10
Разумеется, Марина не собирается ехать к родителям Гая. Однако в перерыве между уроками голод и тоска по матери приводят ее в школьную кондитерскую, где остальные ученики проматывают деньги на голубую шипучку и отвратительное, отдающее маргарином печенье под названием «Слайс». Марина покупает драже из шербета, и тут появляется Гай.
– Ну как? – спрашивает он.
– Что?
– Чем вечером занимаешься?
– Иду на прослушивание в хор.
– Ты же говорила, что не умеешь петь.
– Знаю, – сухо отвечает Марина, озираясь по сторонам, потому что она изменщица и не может перестать думать о Саймоне Флауэрсе. – Но попробовать нужно.
– Видишь? Тебе ничто не мешает поехать со мной – отдохнешь, развеешься, не то что с этими даунами. Не делай такое страдальческое лицо, ты знаешь, о чем я. Если встретимся в Меме в четверть второго, то успеем на поезд.
«Нет, – думает Марина. – От твоего отца у меня мурашки по коже, а мать будет смотреть на меня свысока. Я не могу».
Потом она представляет, как расскажет об этой поездке Урсуле. И семье: ее родные ценят отвагу, а превыше ее – знаменитостей. Жужи однажды стояла в очереди к мороженщику рядом с леди Антонией Фрейзер; в пересказах этой истории они стали близкими подругами. Родные Марины рассчитывали, что в Кум-Эбби будет полно детей знаменитостей самого разного сорта: не только таких, с кем они сами водят дружбу (чешский дипломат, друзья леди Ренаты, неубедительно британский дирижер по имени Джордж Артур), но и куда более впечатляющих – аристократов. Что ж, Марина взрослая и все понимает. Никто не хочет, чтобы она, по примеру соседских внучек, пекла венгерское печенье, брала по воскресеньям уроки народных танцев, а потом вошла в семейное дело. Ей желают лучшей судьбы.
«Боже, – думает Марина, – пожалуйста, пусть я оправдаю их ожидания. Пусть никто не заметит моего убожества».

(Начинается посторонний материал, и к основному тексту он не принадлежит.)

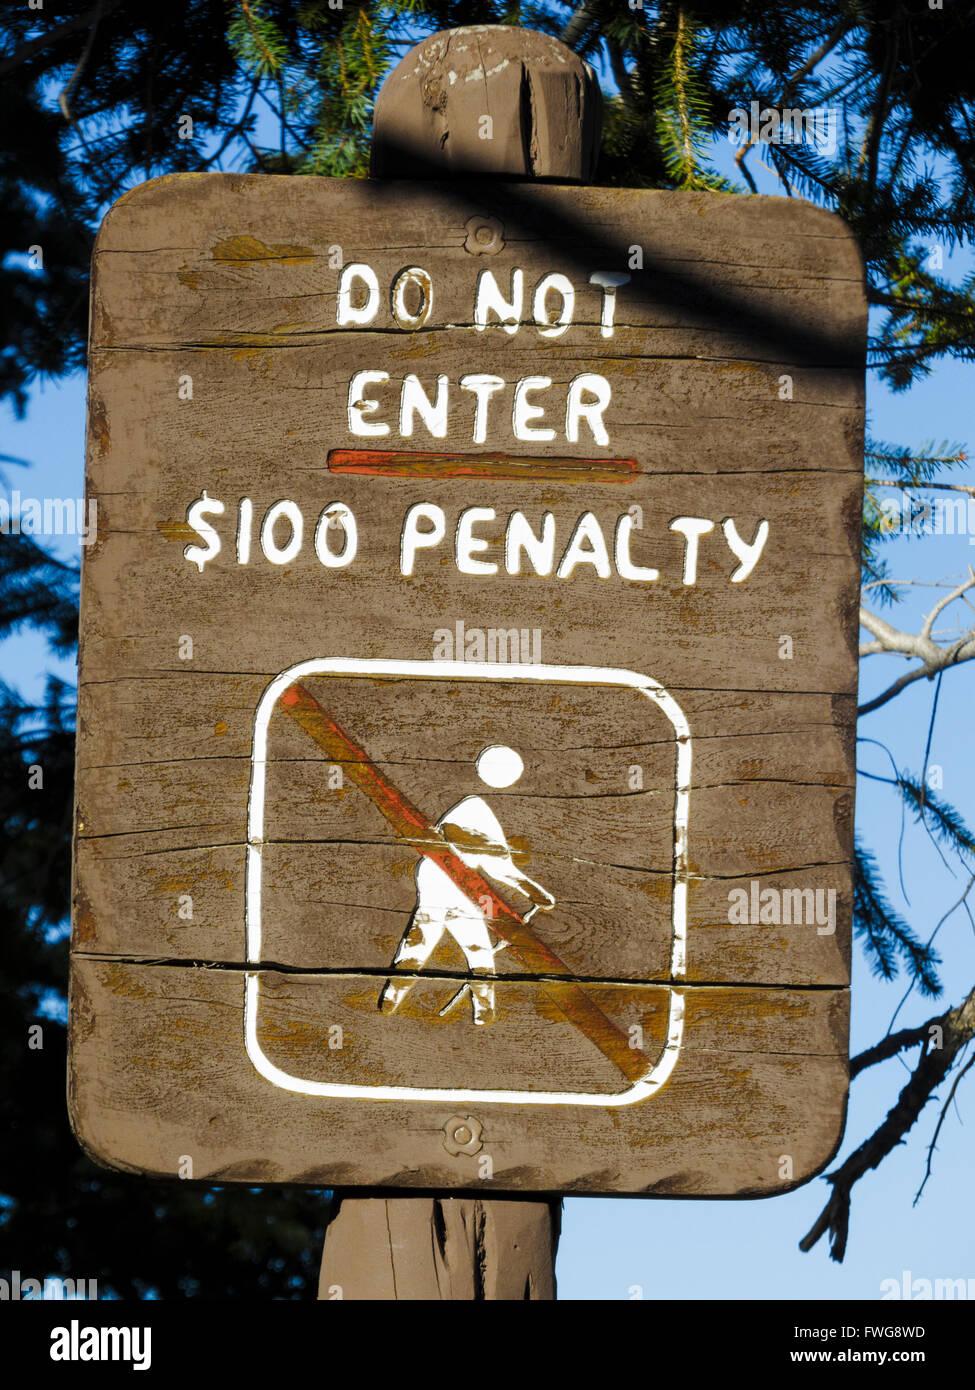 Sign 'Do Not Enter, $100 Penalty' at Bryce Canyon National Park, Utah, USA. - Stock Image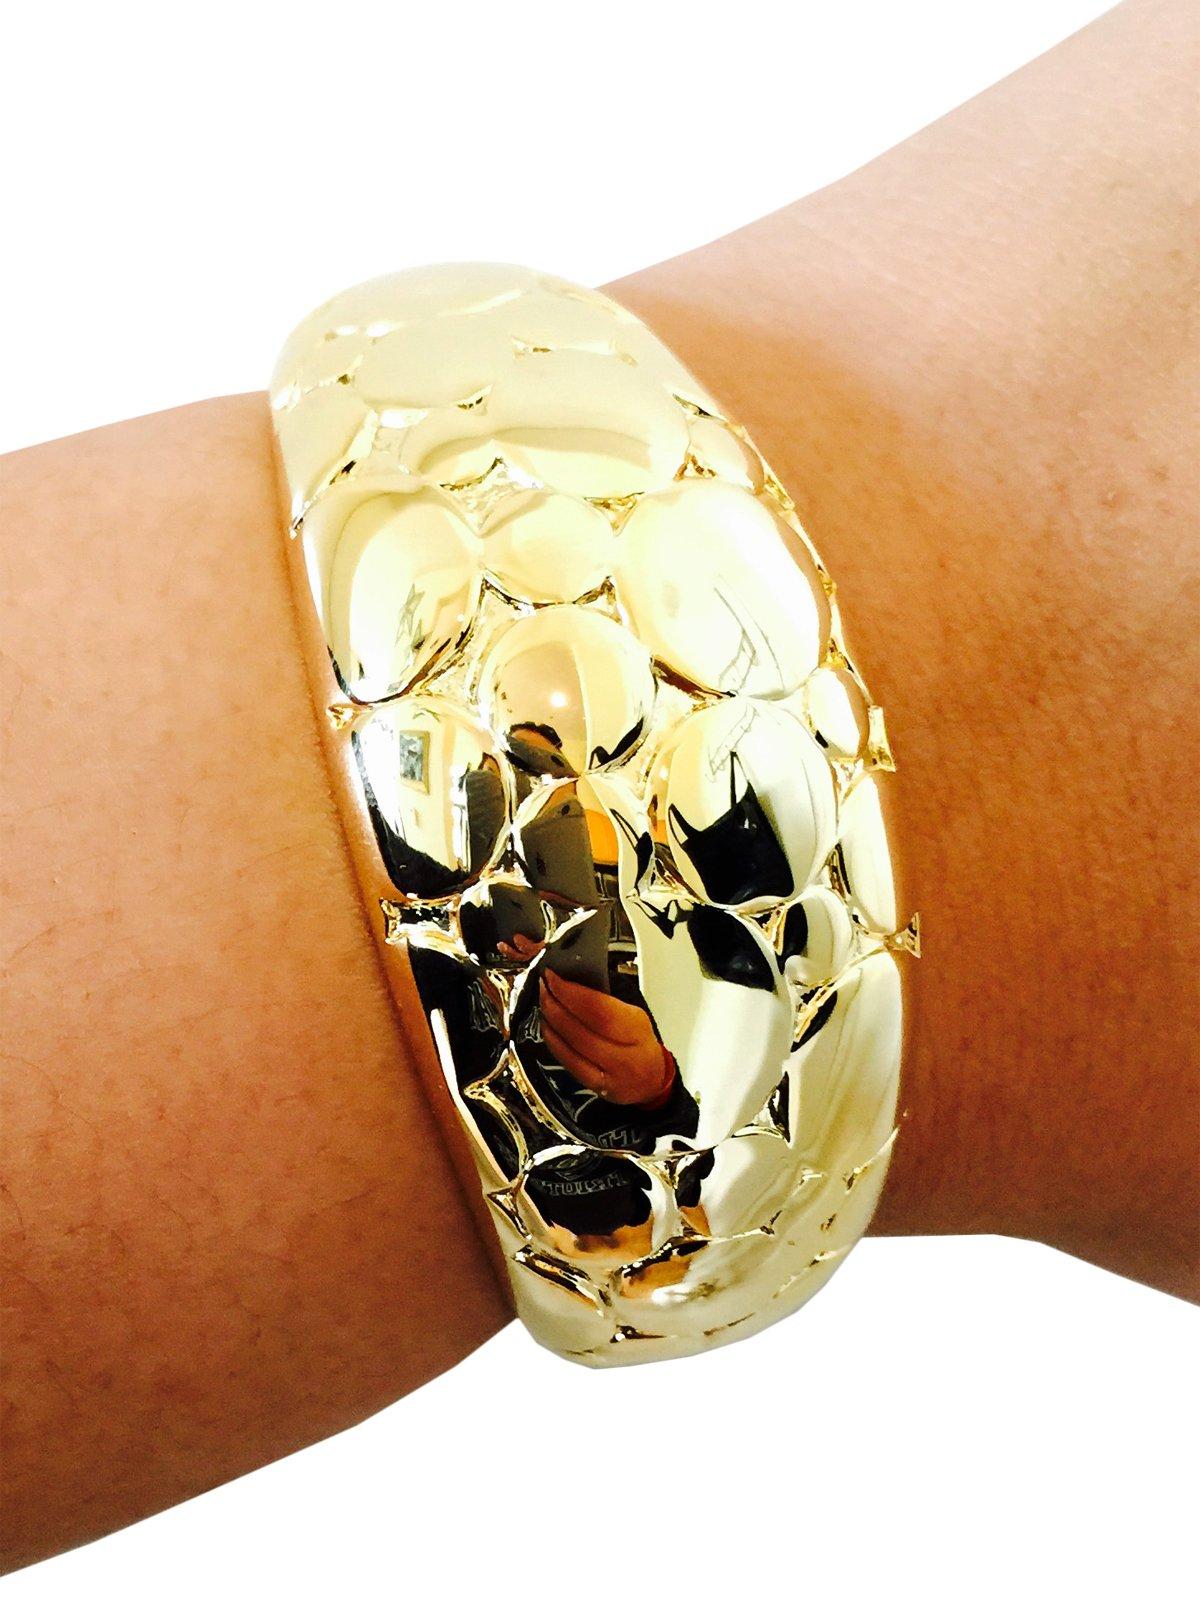 Fitbit Bracelet for FitBit Flex Activity Tracker - The JUANITA Hinge Bangle Fitbit Bracelet (Gold)

– Хорошо, – говорит она вслух. – Да, хорошо.
Это похоже на извращенный англиканский праздник. Люди здесь могут (на самом деле должны) покупать: расписные кольца для салфеток и расшитые прихватки; бижутерию от Дьордя и благоразумно свернутые колготки телесного цвета из «Фемины»; сувенирных целлулоидных кукол в народных венгерских костюмах; кассеты с цыганской флейтовой музыкой; сушеные грибы, салями, плетенки чеснока. Чей-то муж-англичанин из благих побуждений расставляет на полке со старыми книгами детективы Дика Френсиса, инструкцию владельца «Остин Ровера» 1973 года и путеводители по швейцарским спа-курортам. Воздух стал сизым от сигаретного дыма. На отдельном прилавке стоят фарфоровые чашки с кофе и коричневый кристаллический сахар, по которому все сходят с ума. И, конечно, еда: фаршированные перцы, блины, курица, стынущая под одеялом из фольги; кое-что уже разложено по белым тарелкам из термостекла с узором, изображающим сбор урожая. А на алтаре в центре зала – кондитерская палатка, за которой восседает Зофья Добош (для друзей – миссис Добош): покровительница искусств, хозяйка «Фемины» и в свое время (хотя время это прошло) владелица знаменитого гастронома в Сохо.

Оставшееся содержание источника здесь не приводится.